Above: Visual Studio plugin for GPT Code Clippy.

GPT-Neo was “pre-trained” on The Pile, an 835 GB collection of 22 smaller datasets including academic sources (eg Arxiv, PubMed), communities (StackExchange, Wikipedia), code repositories (Github) and more. Through fine-tuning, GPT Code Clippy contributors improved their code-understanding capabilities by exposing their models to GitHub stores that met a specific search criterion (e.g. had more than 10 GitHub stars and two commits), filtered to duplicate files.

“We used the Hugging Face’s Transformers library … to fine-tune our model[s] on various code datasets, including one of our own, which we scraped from GitHub, ”explains the contributors on the GPT Code Clippy project page. “We decided to fine-tune rather than train from the bottom up, as they report in OpenAI’s GPT-Codex paper that training from the bottom up and fine-tuning the model [result in equivalent] performance. But fine-tuning allowed the model[s] to converge faster than training from scratch. Therefore, all versions of our models are fine-tuned. ”

GPT Code Clippy contributors have trained several models to date using third-generation tensor processing devices (TPUs), Google’s custom AI accelerator chip available via Google Cloud. Although early on, they have created a plugin for Visual Studio and plan to extend the capabilities of GPT Code Clippy to other languages ​​- especially underrepresented ones.

“Our ultimate goal is not only to develop an open-source version of Github’s Copilot, but one that is of comparable performance and ease of use,” the contributors wrote. “[We hope to eventually] devise ways to update version and updates to programming languages. ”

Lifts and setbacks

AI-powered coding models are not only valuable for writing code, but also when it comes to fruit with lower hanging as an upgrade of existing code. To migrate an existing code base to a modern or more efficient language such as Java or C ++ requires expertise in both source and target languages ​​- and it is often expensive. The Commonwealth Bank of Australia spent about $ 750 million over five years converting its platform from COBOL to Java.

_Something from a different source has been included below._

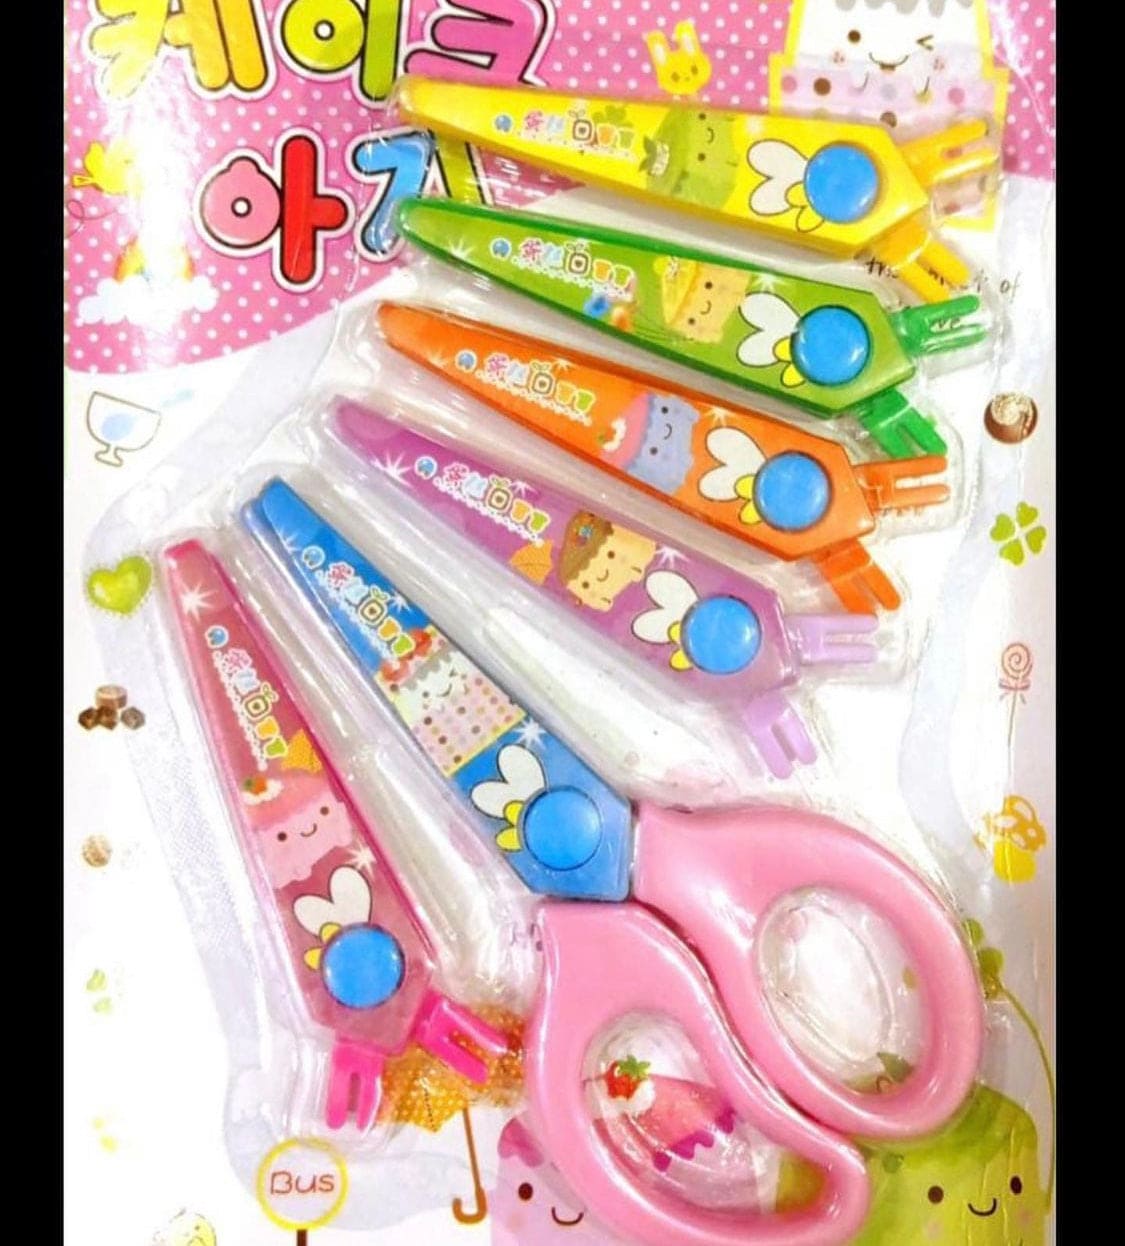 Set Of 6 Multistyle Scissor, All Plastic Children Safety Scissors, Toddler Handmade Round Head Scissors Stationary

But there are many potential pitfalls, such as bias and unwanted code suggestions. In a recent article, Salesforce researchers behind CodeT5, a Codex-like system that can understand and generate code, recognize that the datasets used to train CodeT5 can code some stereotypes like race and gender from text comments — or even from source code. In addition, they say that CodeT5 may contain sensitive information such as personal addresses and identification numbers. And it can produce vulnerable code that negatively affects software.

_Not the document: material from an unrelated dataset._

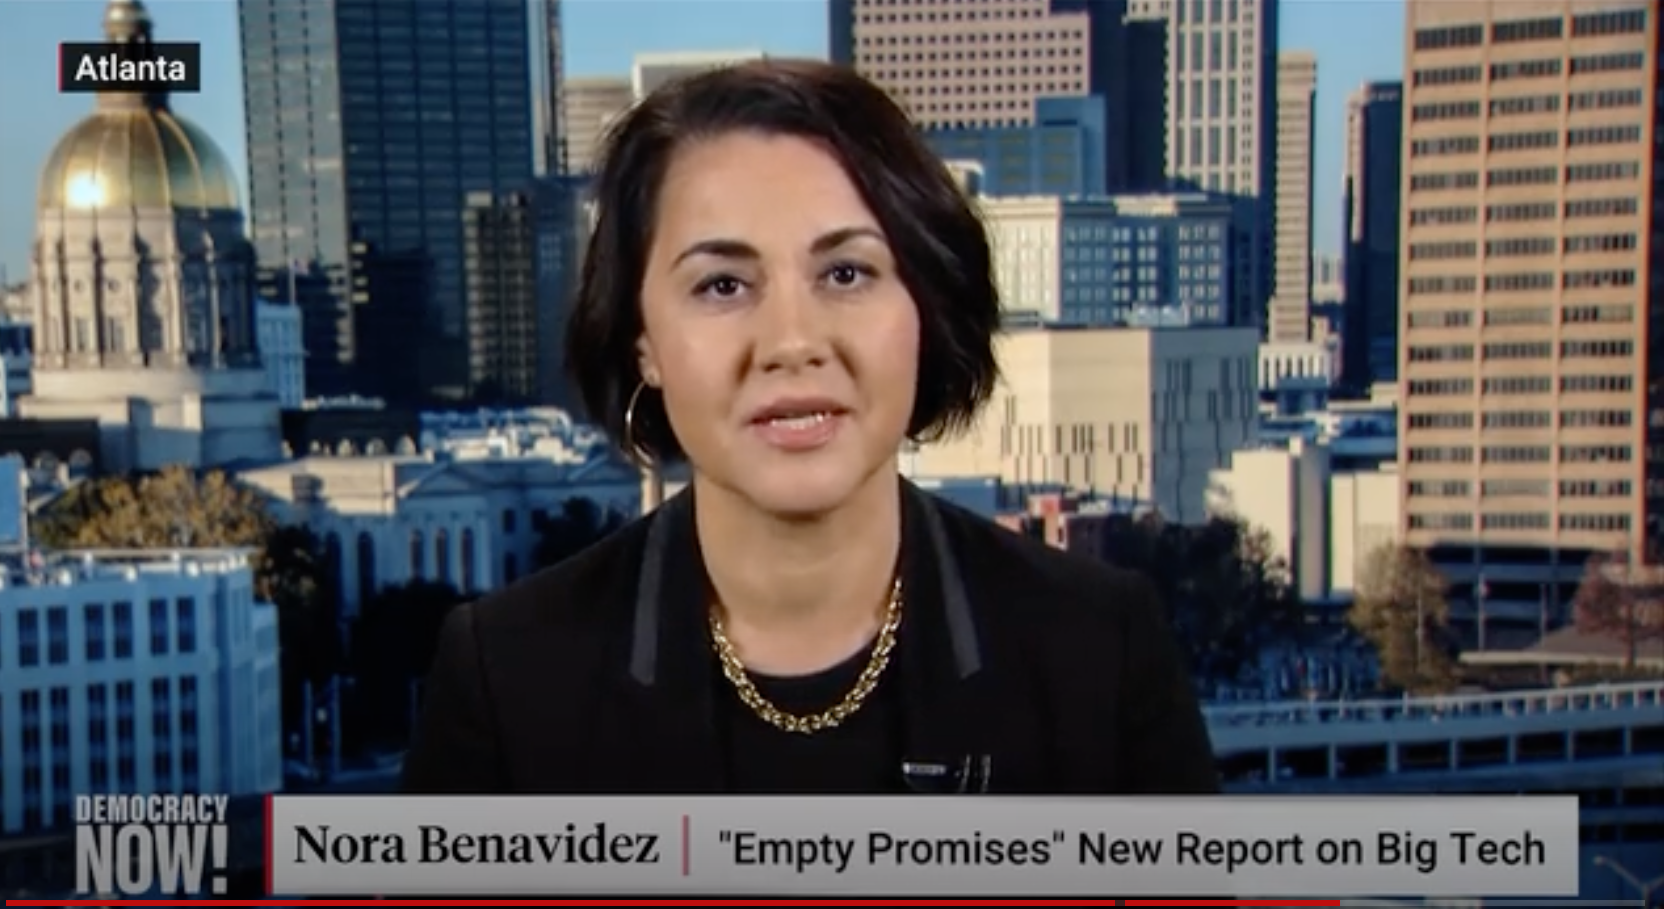 Free Press' Nora Benavidez speaking on Democracy Now

Similarly, OpenAI found that Codex could suggest compromised packages, invoke functions uncertainly, and produce programming solutions that look correct but do not actually perform the intended task. The model may also be asked to generate racist and harmful output as code, e.g. The word “terrorist” and “violent” when writing code comments with the prompt “Islam.”

The GPT Code Clippy team has not said how it can reduce the bias that may be present in its open source models, but the challenges are clear. Although the models e.g. Ultimately, being able to reduce Q&A sessions and repeated feedback from code reviews, they can cause harm if not carefully revised – especially in light of research showing that coding models lack human accuracy.

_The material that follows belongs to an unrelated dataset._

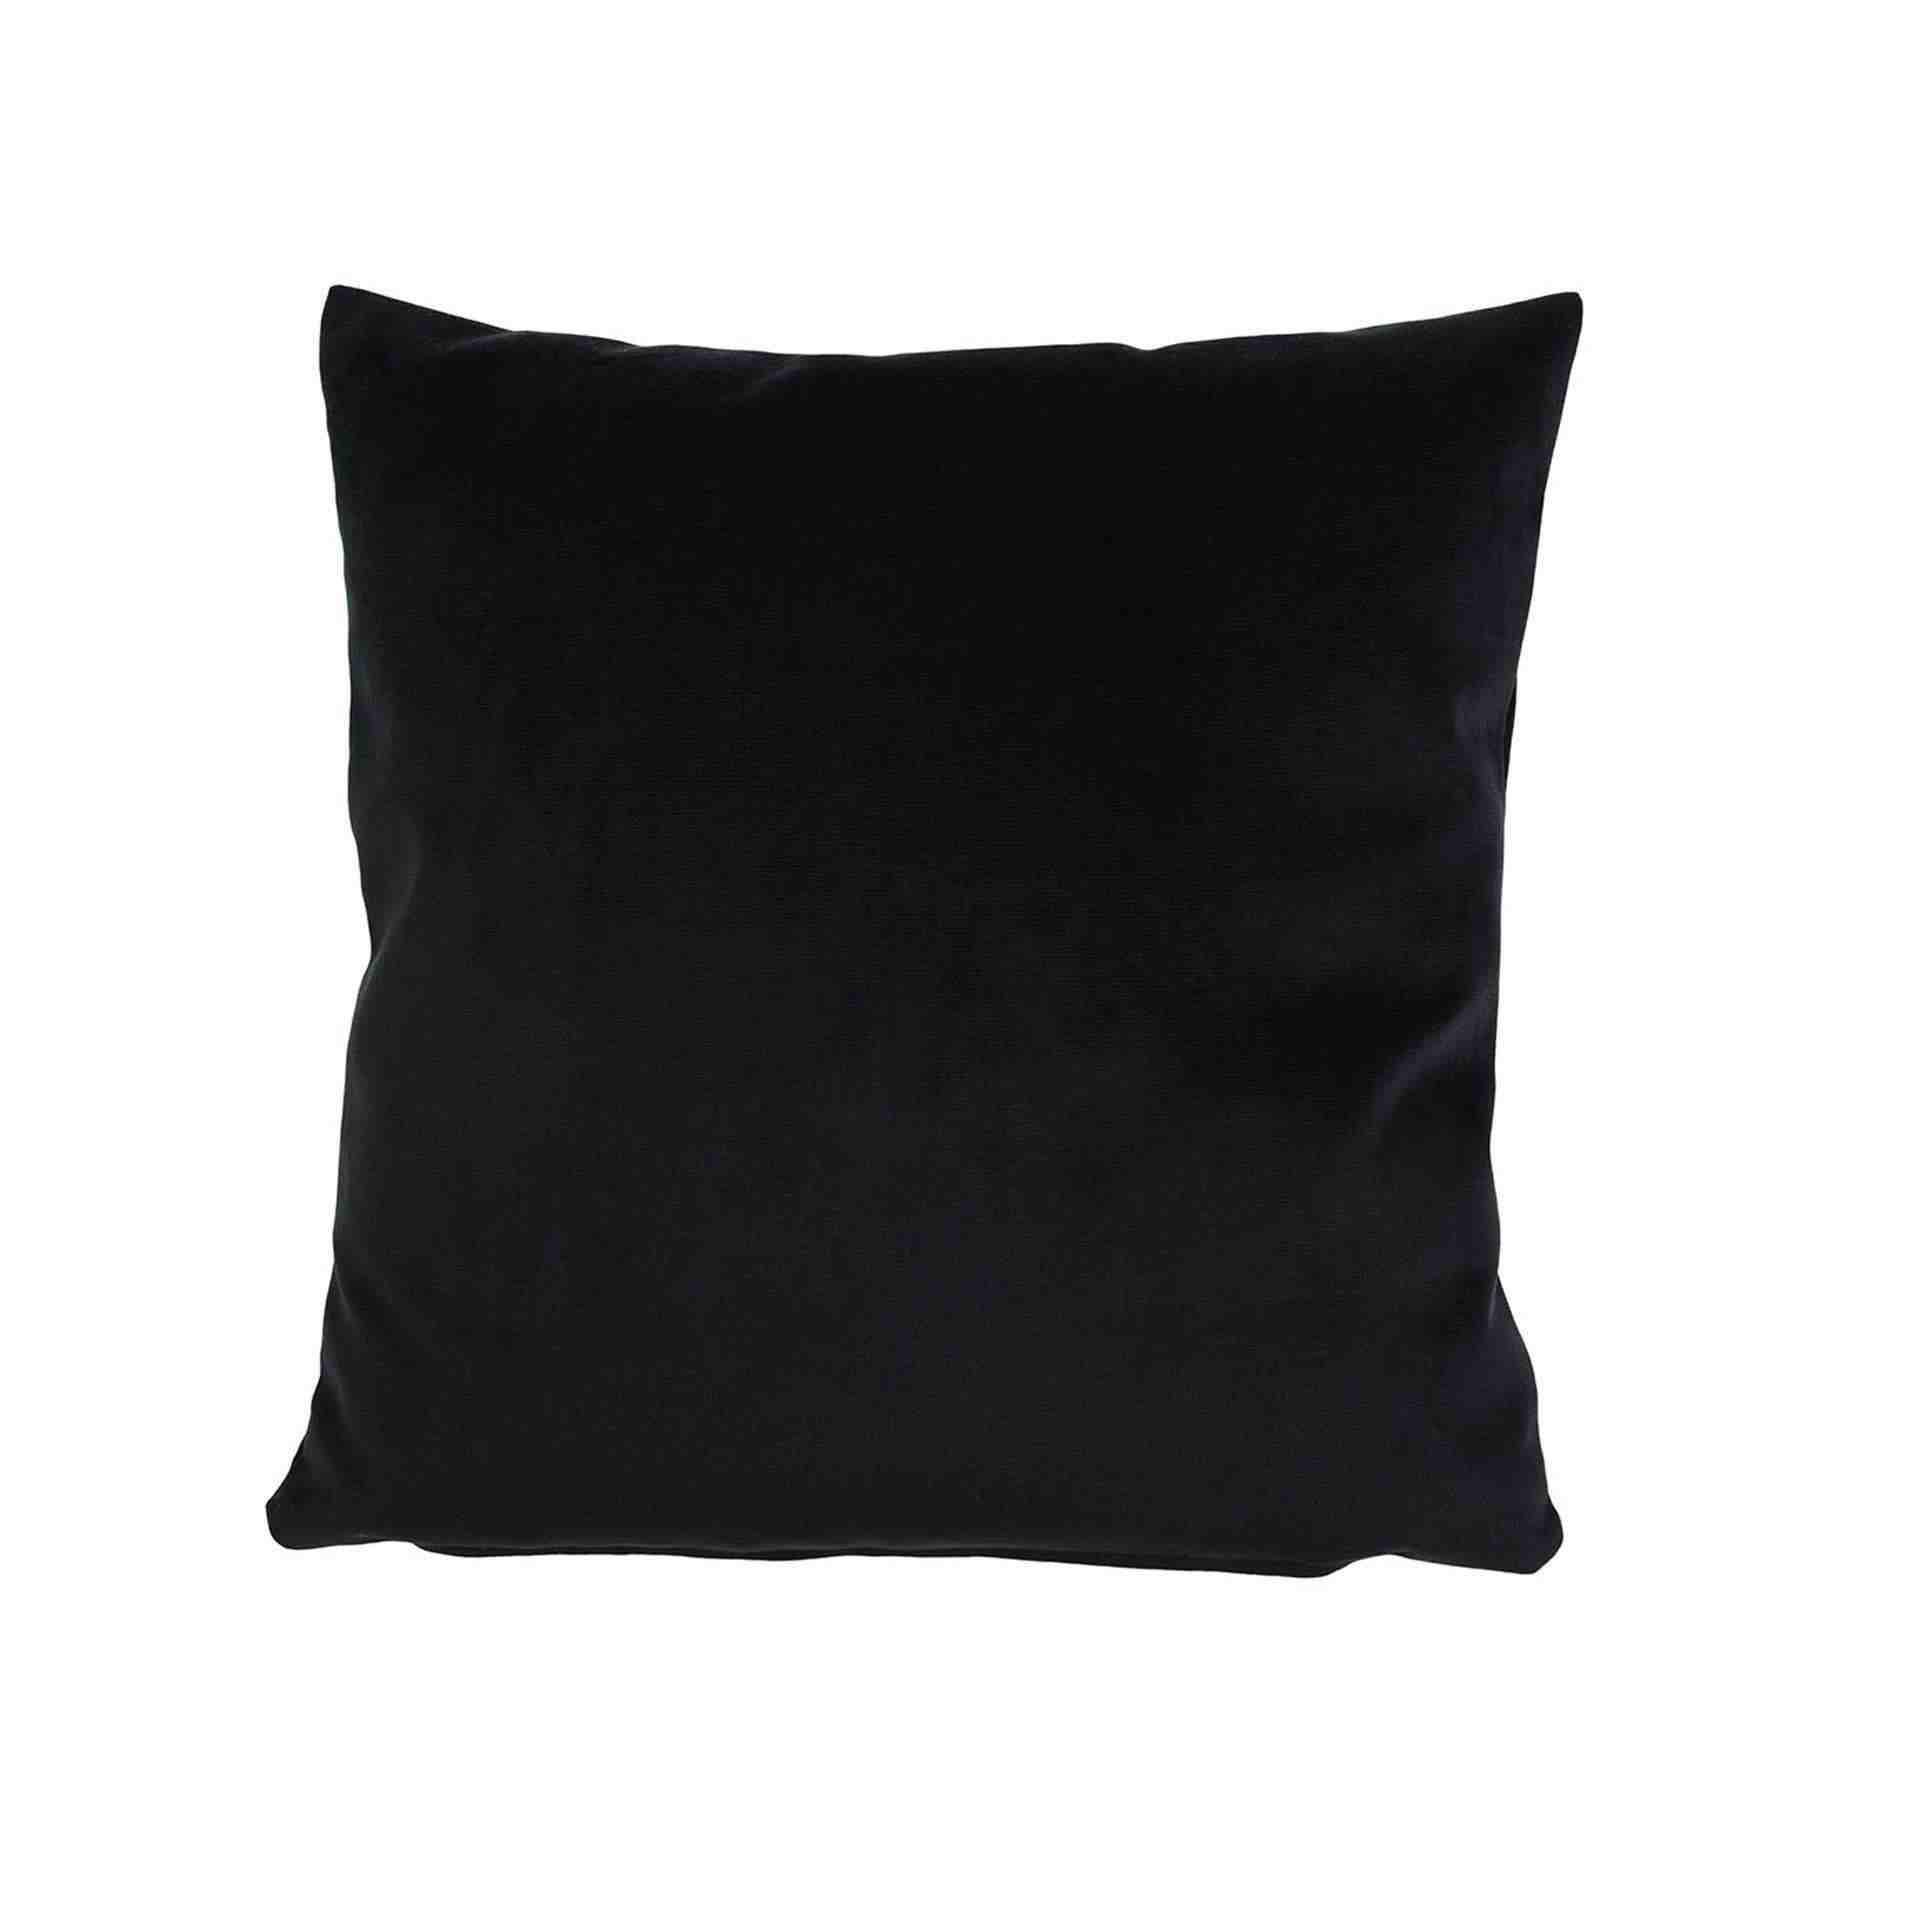 Kissenhülle - mit Reißverschluss - Serie DUVAL - schwarz - Abm. 60 x 60 cm - Polyester - 85694-99-6060-D

For AI coverage, send news tips to Kyle Wiggers – and be sure to subscribe to the AI ​​Weekly newsletter and bookmark our AI channel, The Machine.

Thanks for reading,

Kyle Wiggers

AI Staff Writer


VentureBeat’s mission is to be a digital urban space for technical decision makers to gain knowledge about transformative technology and transactions. Our site provides important information about data technologies and strategies to guide you as you lead your organizations. We invite you to join our community to access:

  • updated information on topics that interest you
  • our newsletters
  • gated thought-leader content and discount access to our valued events, such as Transform 2021: Learn more
  • networking features and more

sign up


Leave a Reply

Your email address will not be published.